LA COSTRUZIONE DISCORSIVA DEL POPOLO NELLA RIFLESSIONE DI ERNESTO LACLAU

CESARE VETTER

Il “popolo”: le vicissitudini di una parola

La nozione di popolo non è soltanto una categoria centrale della modernità democratica, ma un elemento ricorrente nella storia delle forme di legittimazione del potere. Fin dalle più antiche civiltà l’autorità politica ha cercato di giustificare se stessa non solo attraverso la forza, la tradizione, il diritto dinastico, l’investitura divina, ma anche mediante un richiamo — più o meno esplicito — a una comunità collettiva da governare, proteggere e rappresentare. Già nel Codice di Hammurabi (XVIII secolo a.C.) la sovranità del re appare inscritta in un orizzonte di giustizia pubblica: il sovrano si presenta come colui che, investito dagli dèi, deve garantire ordine, tutela dei deboli e armonia sociale. Nell’ambito di una concezione profondamente gerarchica, il potere si legittima in quanto potere esercitato “per” la comunità, cioè per un insieme sociale inteso come totalità.

Nelle grandi civiltà orientali il riferimento alla collettività ha svolto un ruolo rilevante nelle strategie di legittimazione del potere. Nel confucianesimo classico (Confucio, Mencio), il potere politico è visto come legittimo solo se orientato al bene del popolo. Nella Cina imperiale la sovranità viene  giustificata attraverso l’idea di un ordine cosmico e morale che il governante deve preservare, e la stabilità del regno viene interpretata come segno della sua legittimità: il venir meno dell’armonia sociale o la diffusione della miseria possono essere letti come sintomi di una crisi del mandato celeste. In altre tradizioni asiatiche, il potere si configura in modo analogo come garanzia di equilibrio e prosperità per la comunità. Per venire all’oggi, va ricordato che la Repubblica Popolare Cinese definisce il proprio sistema politico ” democrazia a processo completo del popolo” (whole-process people’s democracy).

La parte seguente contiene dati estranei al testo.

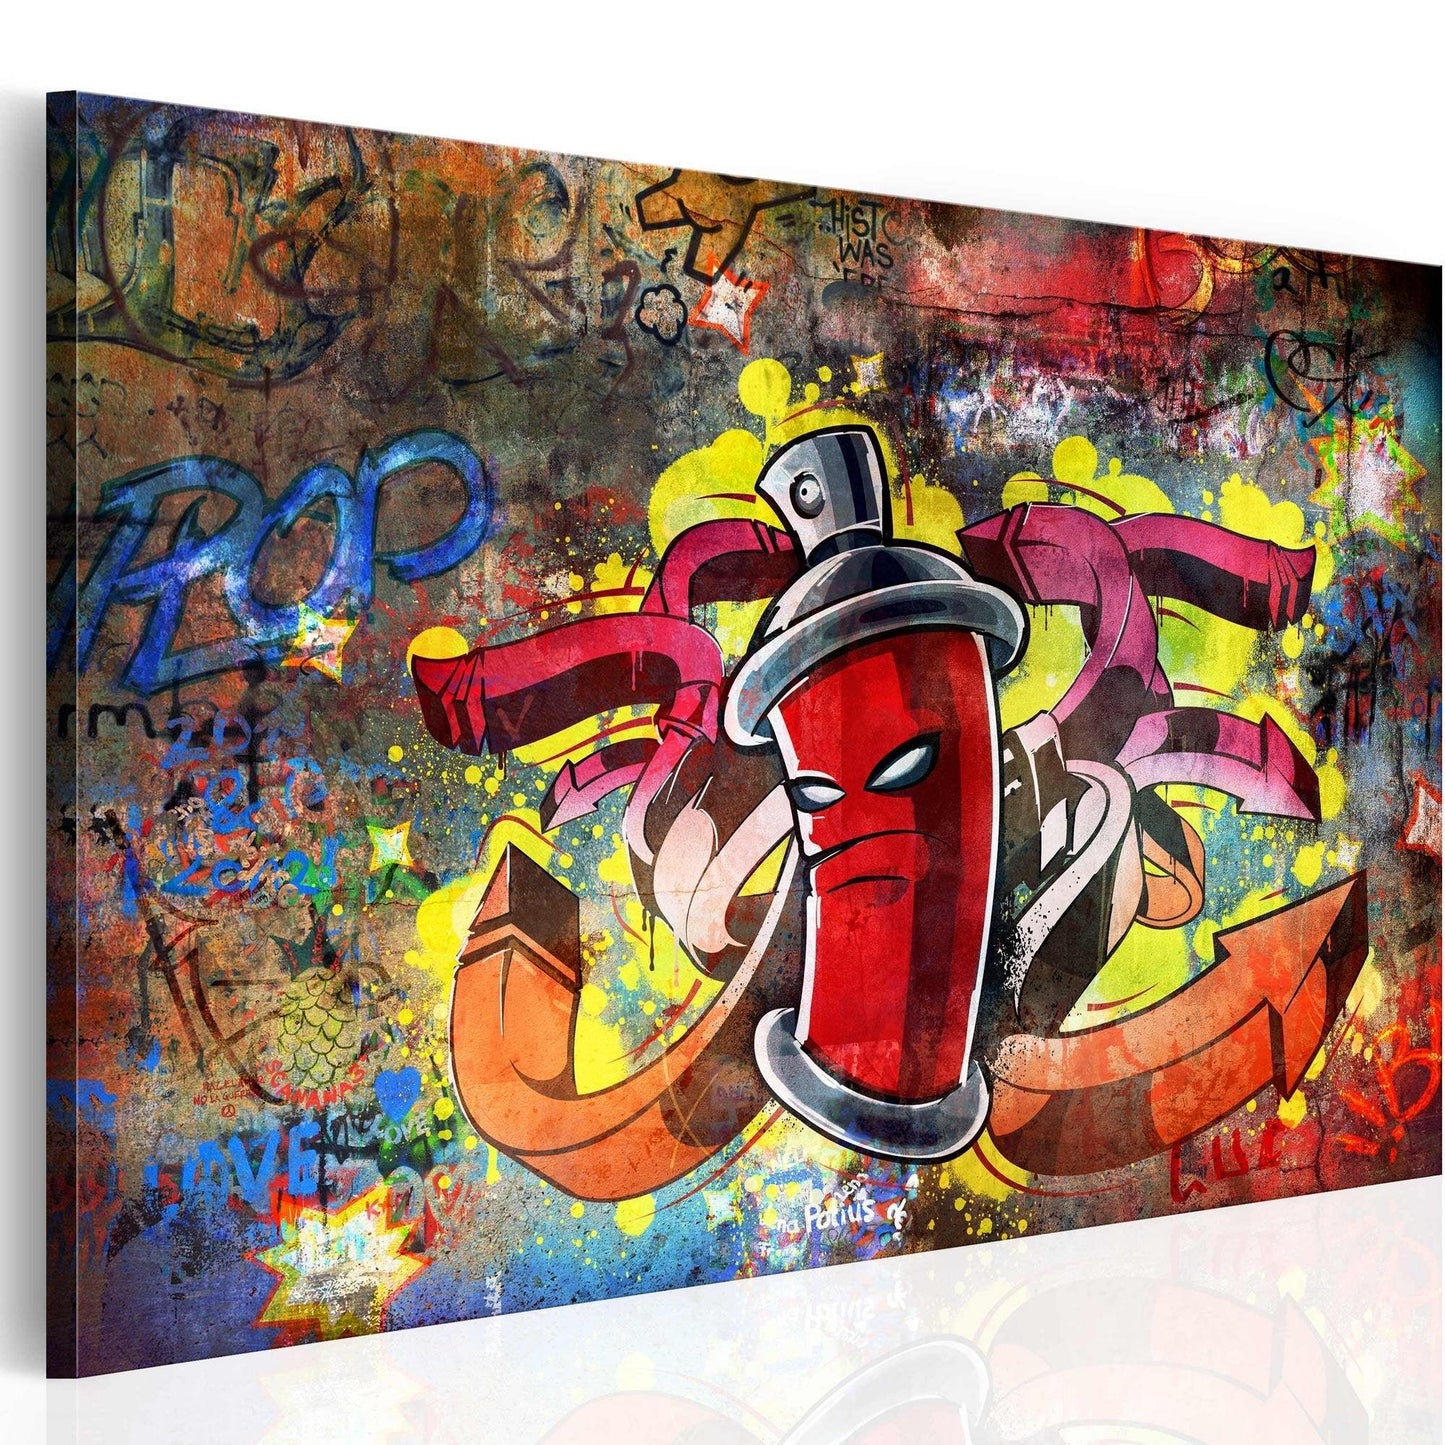 Canvas Print - Graffiti master - www.trendingbestsellers.com
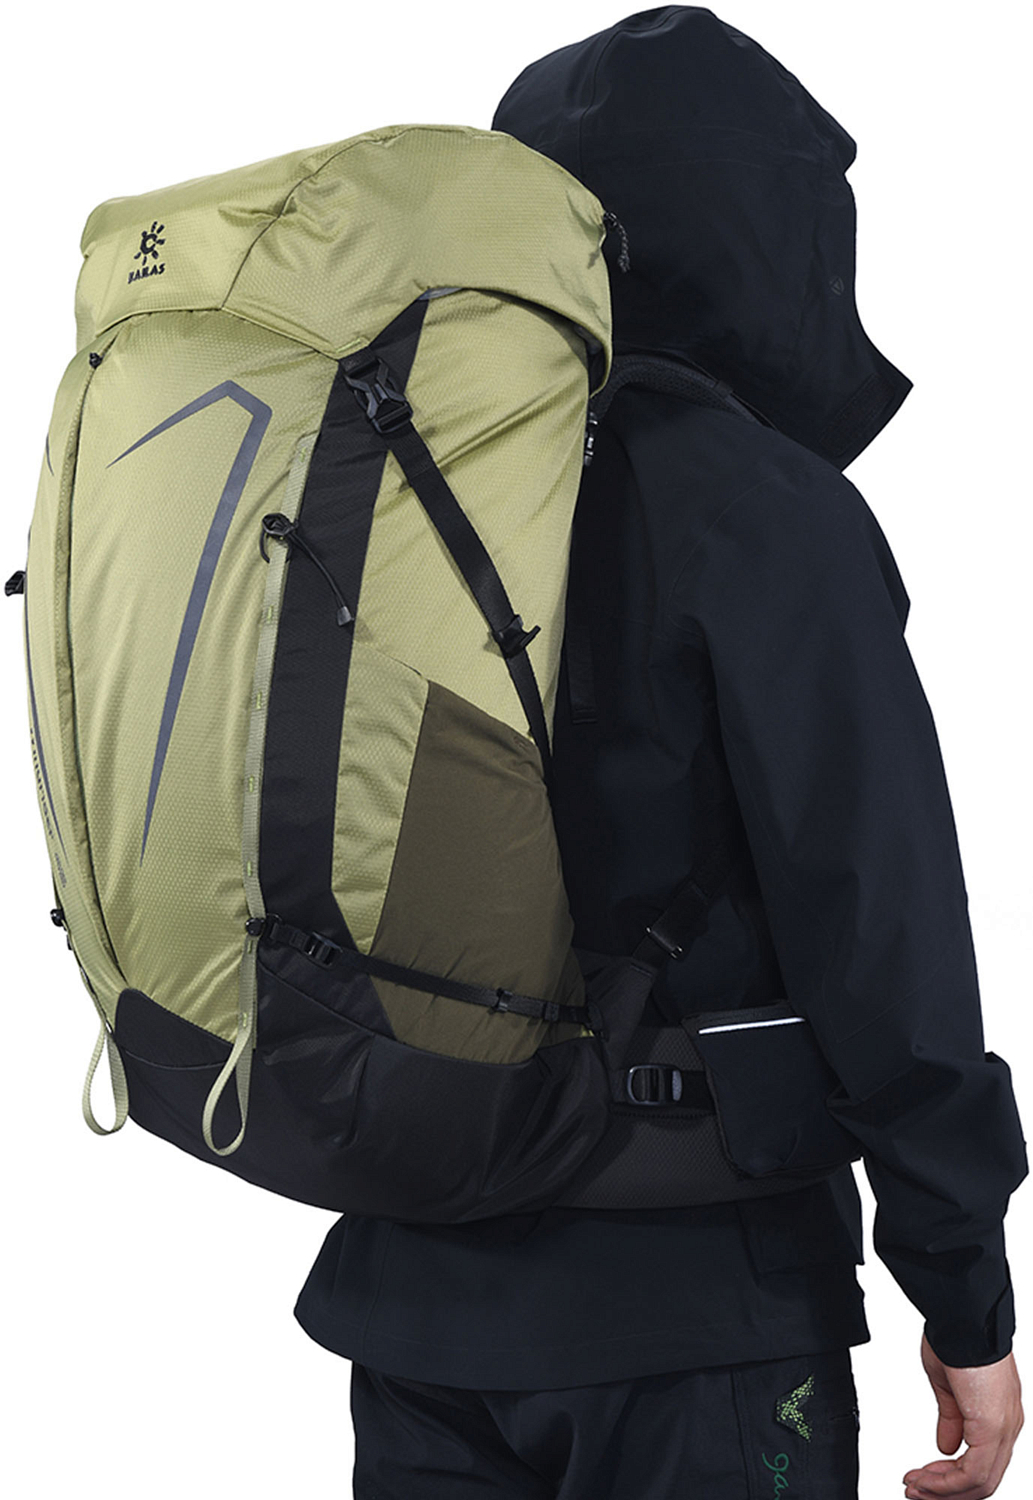 Рюкзак Kailas Windrider Lightweight Trekking Backpack 45L Laurel Leaf Green

In Occidente il popolo è evocato dal potere fin dagli inizi della sua storia. La civiltà greca classica dà al riferimento al popolo una forma politica e istituzionale. Il demos non rimanda soltanto a un corpo di sudditi, ma diviene progressivamente il nome di un soggetto che partecipa — sia pure entro confini sociali ristretti — alla produzione delle decisioni collettive. Nell’Atene dell’età di Pericle, la democrazia si definisce attraverso un rapporto diretto tra cittadinanza e governo, e la legittimazione del potere tende a fondarsi sulla partecipazione, sulla deliberazione pubblica e sull’isonomia. Anche se la democrazia ateniese rimane strutturalmente limitata, poiché esclude donne, schiavi e meteci, il richiamo al popolo assume un carattere centrale: il popolo non è soltanto oggetto di governo, ma diventa fonte di autorità.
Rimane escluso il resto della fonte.